Но знаете, одно из достоинств бывшей миссис Уизли заключается в том, что ей абсолютно чужда жадность.
Давно не видел Ноттингем
Великих королей,
Что мудростью известны всем
И доблестью своей,
Флёр тогда привычно поджала губы, — я даже это помню, — и подумала где-то всего пару секунд. А потом, как ни в чём не бывало, сухо произнесла:
— Заложи дом. А если не хватит, продай участок. Жизнь… жизнь ведь важнее всего. — И снова вышла на лёд, оставив на лице лишь смесь эмоций из сожаления и призрачного отчуждения.
* * *
В те годы, ещё до конца кризиса, многим было тяжело.
Мы, например, едва ли сводили концы с концами и будто бы жили во сне: у нас словно не было возможности проснуться и наконец начать дышать.
Джинни боялась, что кредиторы отберут у её отца дом; наши соседи каждую ночь громко ругались; спортом никто не интересовался — стране были нужны грузчики и разнорабочие, а не лишние футболисты, боксёры и фигуристки, которых было и без всякого кризиса многовато.

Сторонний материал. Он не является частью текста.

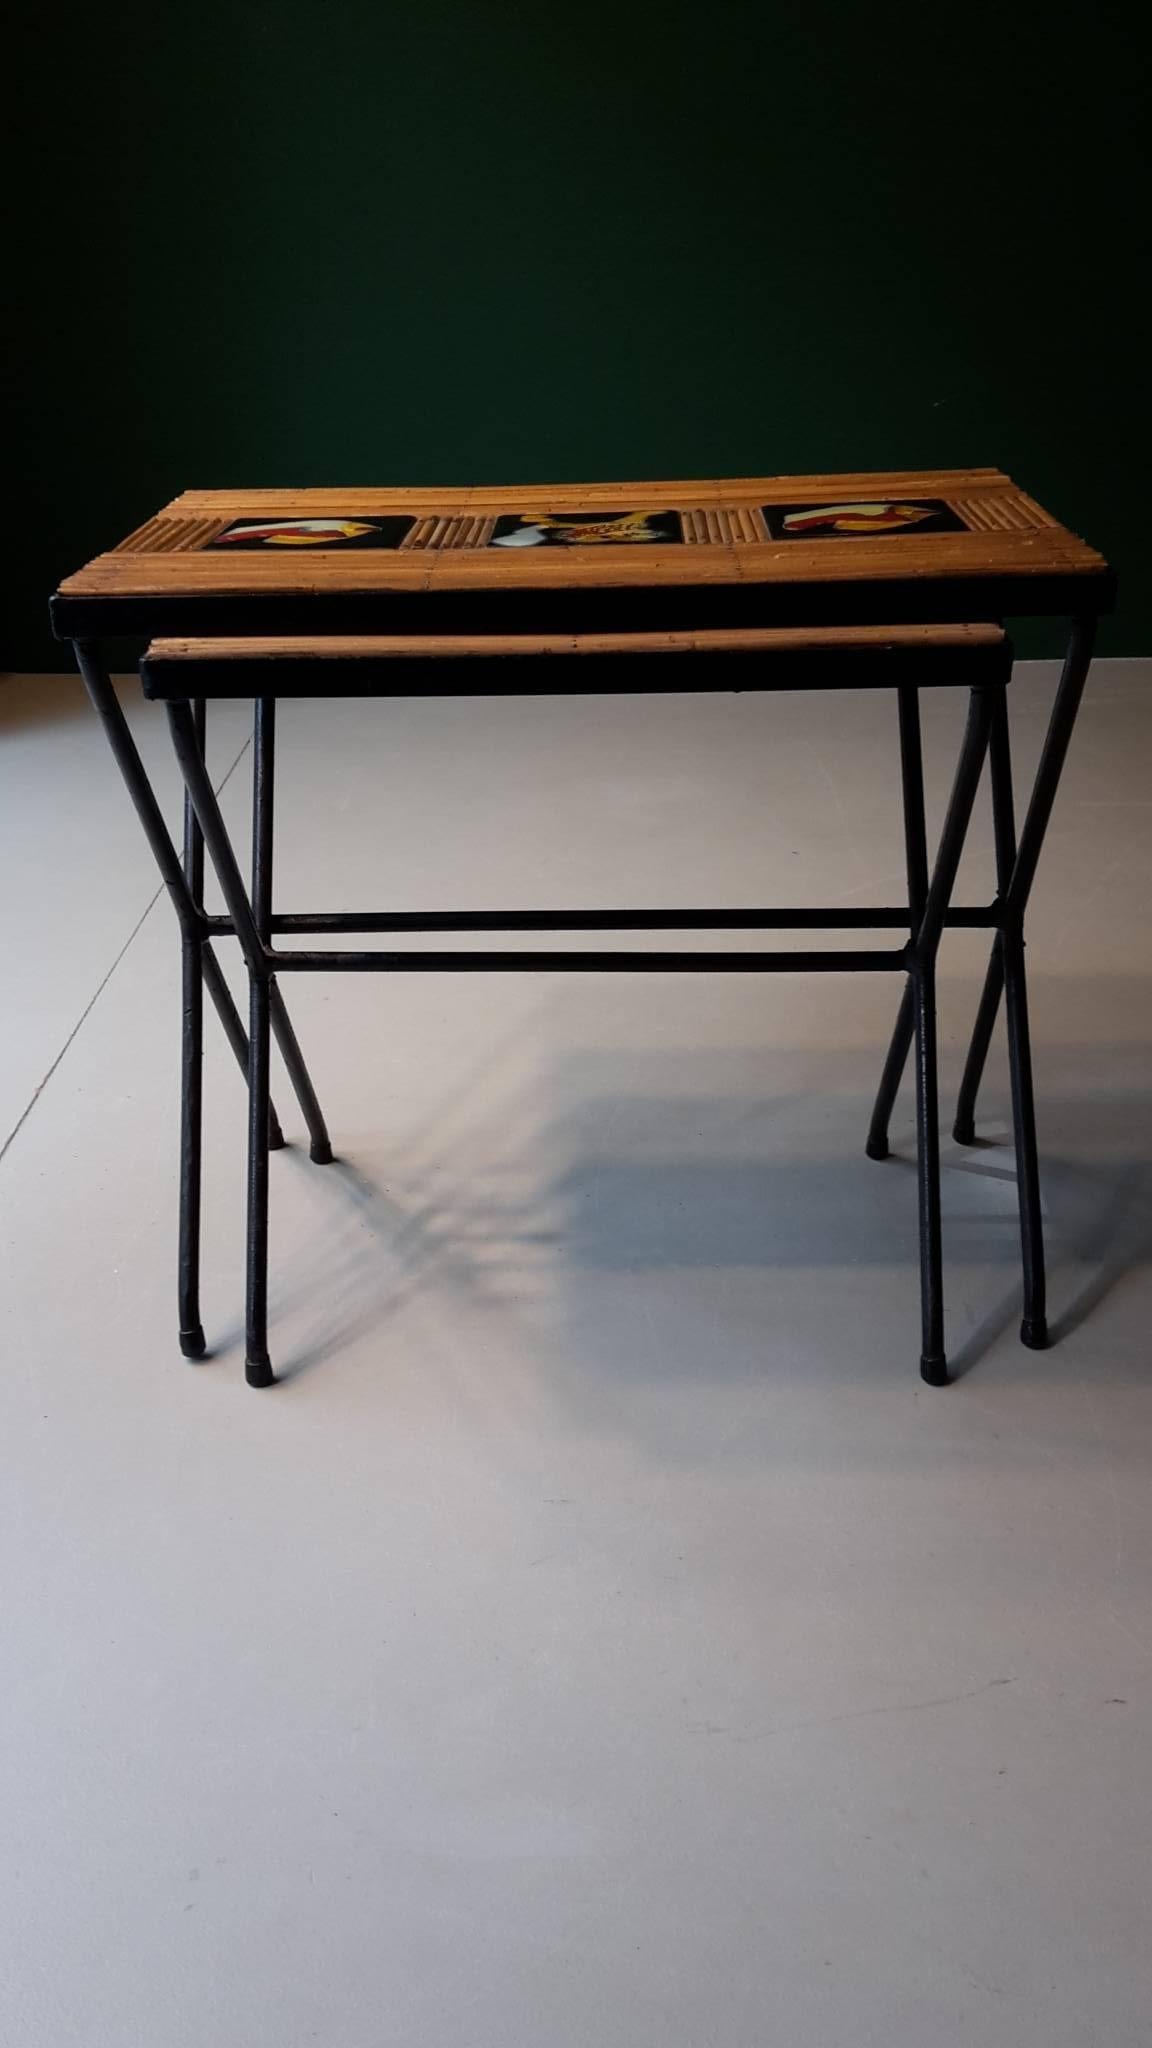 20th century French nest of table 1950s made of wicker and painted tiles.
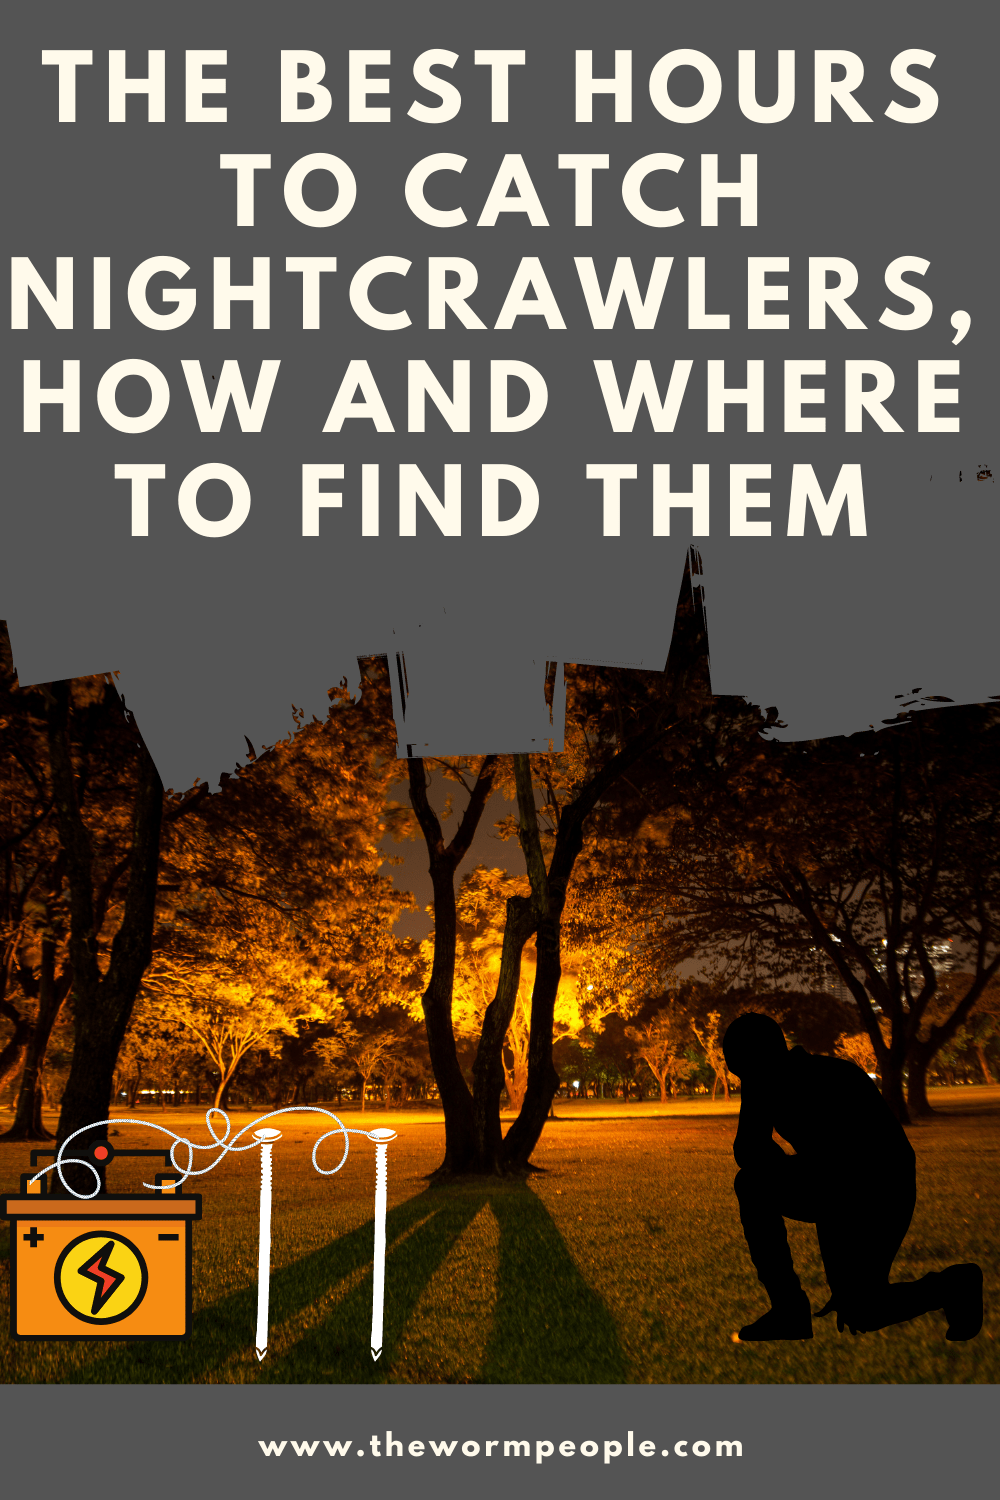 when-do-nightcrawlers-come-out-at-night

Но в один из вечеров мы услышали резкие громкие выстрелы совсем рядом — может, дома два от нашего.
Криков или плача не было.
Тихо. И страшно.
Спустя примерно полчаса Флёр, жена старшего брата Джинни и подруга моего детства, пришла к нам. Она была ужасно напугана. Её бледные руки были в алой крови, и она всё шептала и шептала с дрожью и хрипом:
— Ненормальный, ненормальный… Я просто попросила сделать звук тише. Разве эта просьба так ужасна?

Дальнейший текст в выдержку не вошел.